The new Regulation (EU) 2017/745 on medical devices (MDR) has been in effect since 26 May 2021. In its publication dated 26 May 2021, Swissmedic provided information on the new requirements for combination products. For practical implementation of Art. 117 of the aforementioned Regulation, Swissmedic refers to the EMA's “Guideline on quality documentation for medicinal products when used with a medical device” (EMA/CHMP/QWP/BWP/259165/2019). A revised version of this was published on 22 July 2021.
Revised versions of Swissmedic's specification documents are also now available. You can find all relevant information in section 2.5.15 of the Guidance document Formal requirements HMV4.
A basic distinction is now made between combination products with a non-separable medical device component according to Art. 2 para. 1 let. f of the Medical Devices Ordinance (MedDO; SR 812.213) and those with a separable medical device component. Non-separable combination products are further divided into those with physical non-separability (described in the EMA Guideline as integral) and those with use-specific non-separability (described in the EMA guideline as co-packaged).
The requirements to be met by the medical device components are described in detail in the Guidance document Formal requirements HMV4 and are equivalent in practice to those in the “Guideline on quality documentation for medicinal products when used with a medical device” (EMA/CHMP/QWP/BWP/259165/2019).

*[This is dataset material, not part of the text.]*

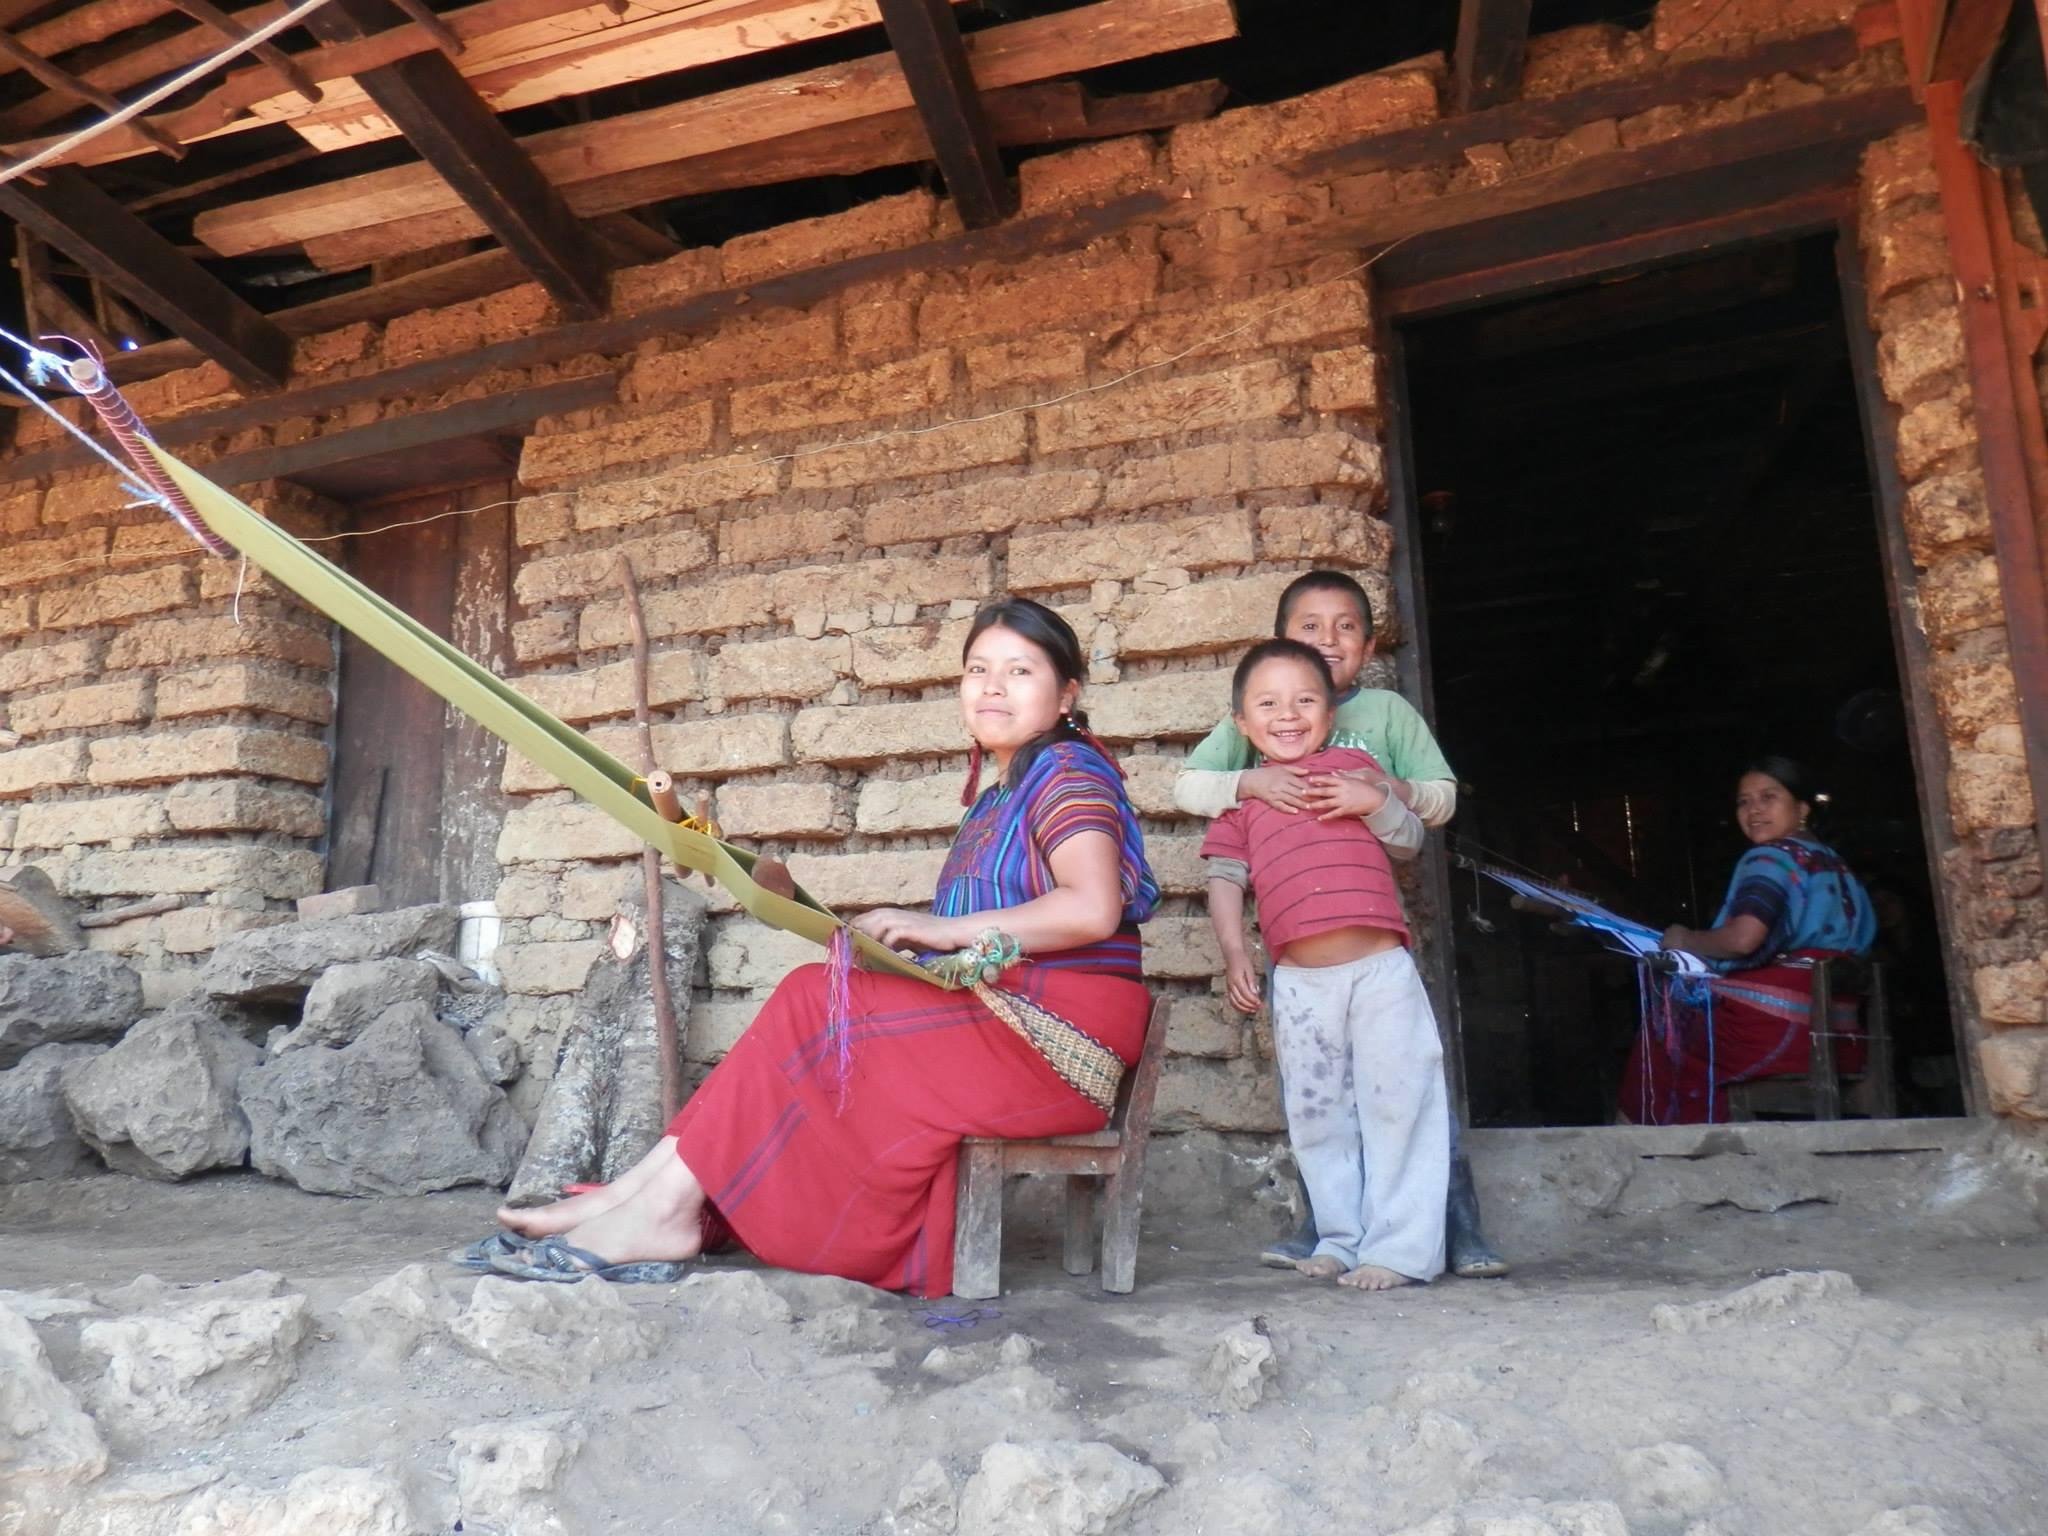 Mayan women working on their backstrap looms near Nebaj, K'iche, Guatemala in 2013. Photo: Madretierra Sato

For both categories of non-separable combinations, the marketing authorisation holder bears full responsibility for the whole product, including the medical device component. It also ensures that in the case of co-packaged products, the medical device component cannot be marketed separately.
In the case of separable combinations (described in the EMA guideline as referenced), the medical device component must meet all the conformity requirements set forth in Art. 1 para. 3 let. b MedDO.